Country 105

Country 105

Agriculture Report

Green Incentives for Farmers


Funding available as several farmers attend meetings.


The Grey Agricultural Service Centre is hosting three different courses for farmers over the next few weeks.

The first one is tonight -- about a social and media networking course.

Farmers can learn how to use facebook and twitters sites to grow their profits.

For more information -- call 986-3756.

The Ontario Cattlemen's Association begins its two day annual meeting today in Toronto.

The Ontario Fruit and Vegetable Convention is also being held today and tomorrow at Brock University in St. Catherine's.


There are incentives for Canadian farmers who go green.

The federal government is offering financing to agriculture producers and agribusiness operators who want to use renewable energy sources.

Agriculture Minister Gerry Ritz says there are energy sources "all around Canadian farmyards'' and Ottawa wants to help farmers invest in the technologies needed to tap those opportunities.

Ritz says the Farm Credit Canada Energy Loan will be good for the environment and for farmers' bottom lines.


Hog numbers across Canada continue to drop.

Jurgen Preugshas of the Canadian Pork Council says massive attrition continues throughout the industry as producers realize they can't afford to continue.

He says the futures have improved since fall, but they're still not at break-even levels for most producers.
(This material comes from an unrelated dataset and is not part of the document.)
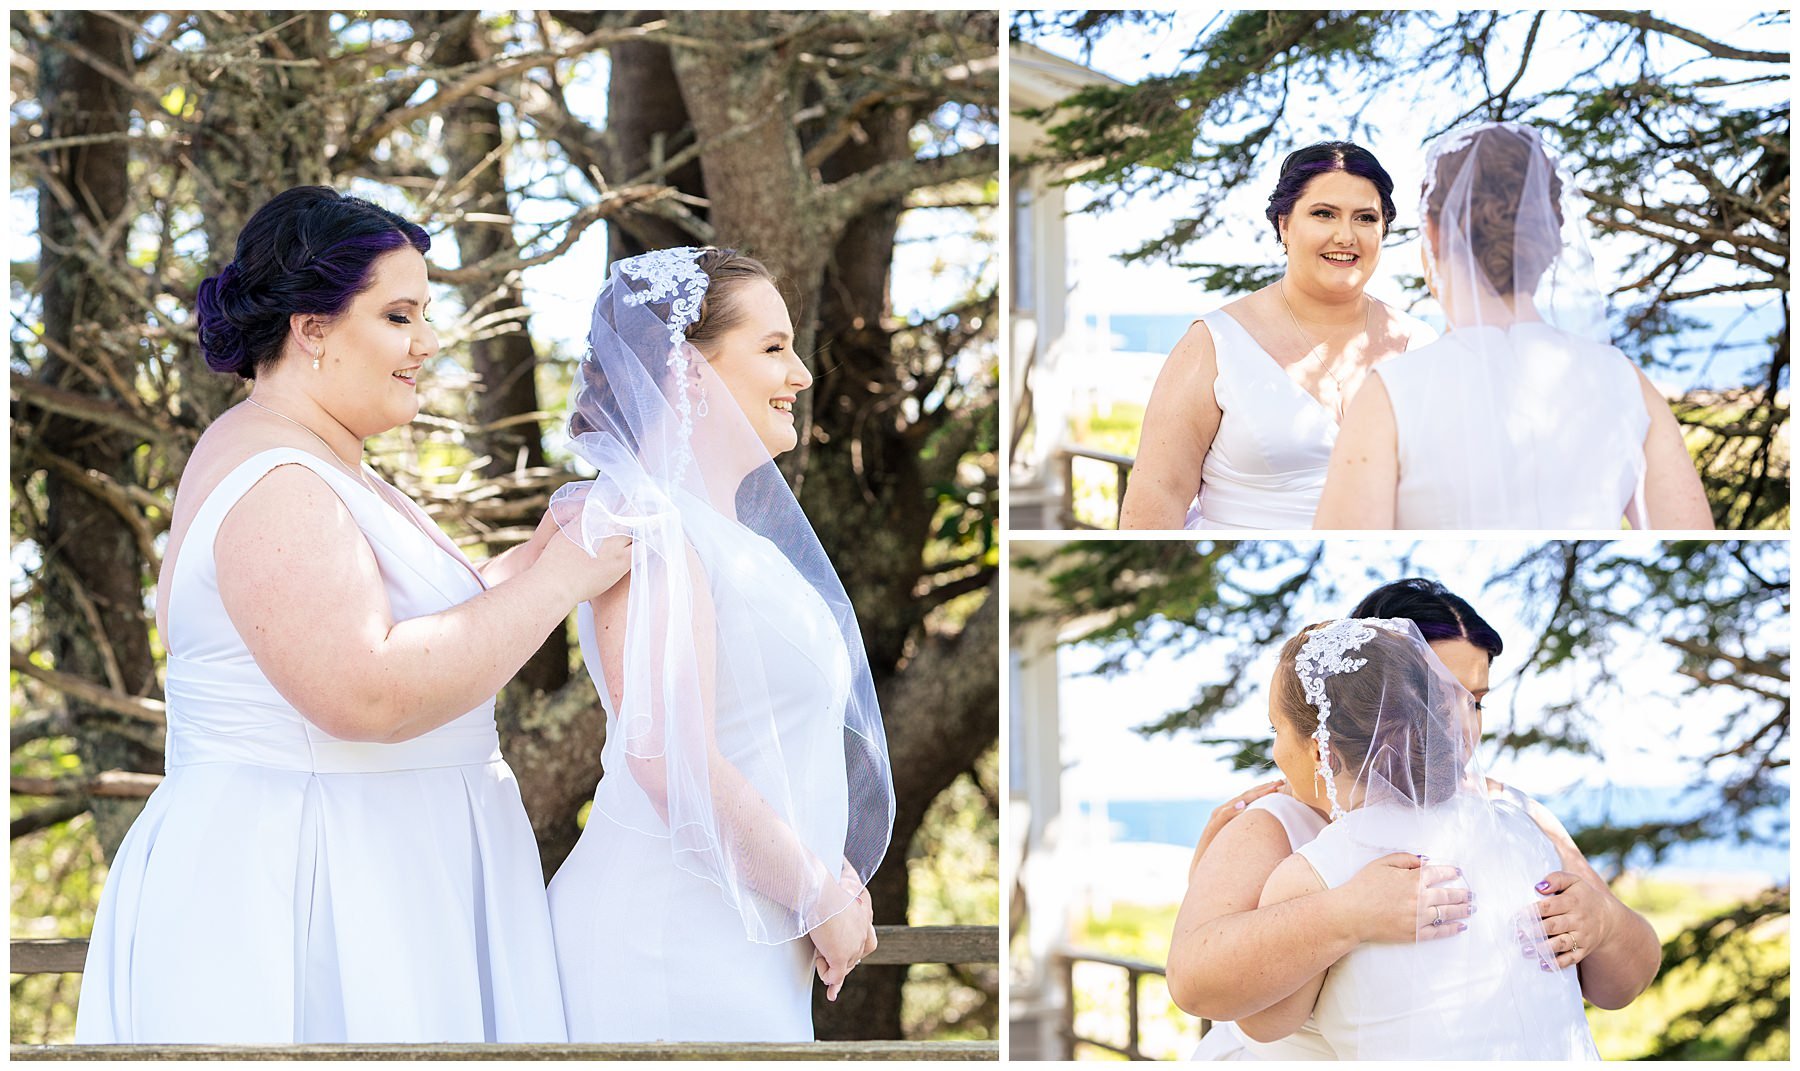 Boothbay Harbor Wedding Photographers, Two Adventurous Souls- 052422_0012.jpg

The council is anticipating annual production in Canada will drop from around 31 million to 25 and a half million in the next four years.

The Canadian Pork Council also reports Canadian consumption of American pork is on the rise.


Large global stocks of wheat have pushed down prices as much as five dollars a tonne in the Canadian Wheat Board's lasted price outlook.

The southern hemisphere harvest is mainly complete.

Argentina and Brazil had difficult harvest weather affecting grain quality -- which should support import demand.

The International Grains Council expects a one per cent decline in world wheat area in 2010.


Canadian grain movement this winter is described as reasonably good.

Canadian Wheat Board Chair Larry Hill says virtually all of the hard red spring wheat will be moved to market by the end of the crop year on July 31st.

But he says there will likely be more carry over of durum because of uncertain markets.

The price outlook is not rosy where ample world supplies are weighing on the market -- particularly durum.


The 20th annual GrainWorld Conference is underway this week in Winnipeg.

The event brings together farmers, academics and policy makers from the grain, oilseed and livestock industries.

Chair Bruce Burnett says changing food trends will be the focus of an address by futurist Richard Worzell.

Other speakers will discuss the global economic recovery.

The conference will include market outlooks for all the major grains and livestock categories.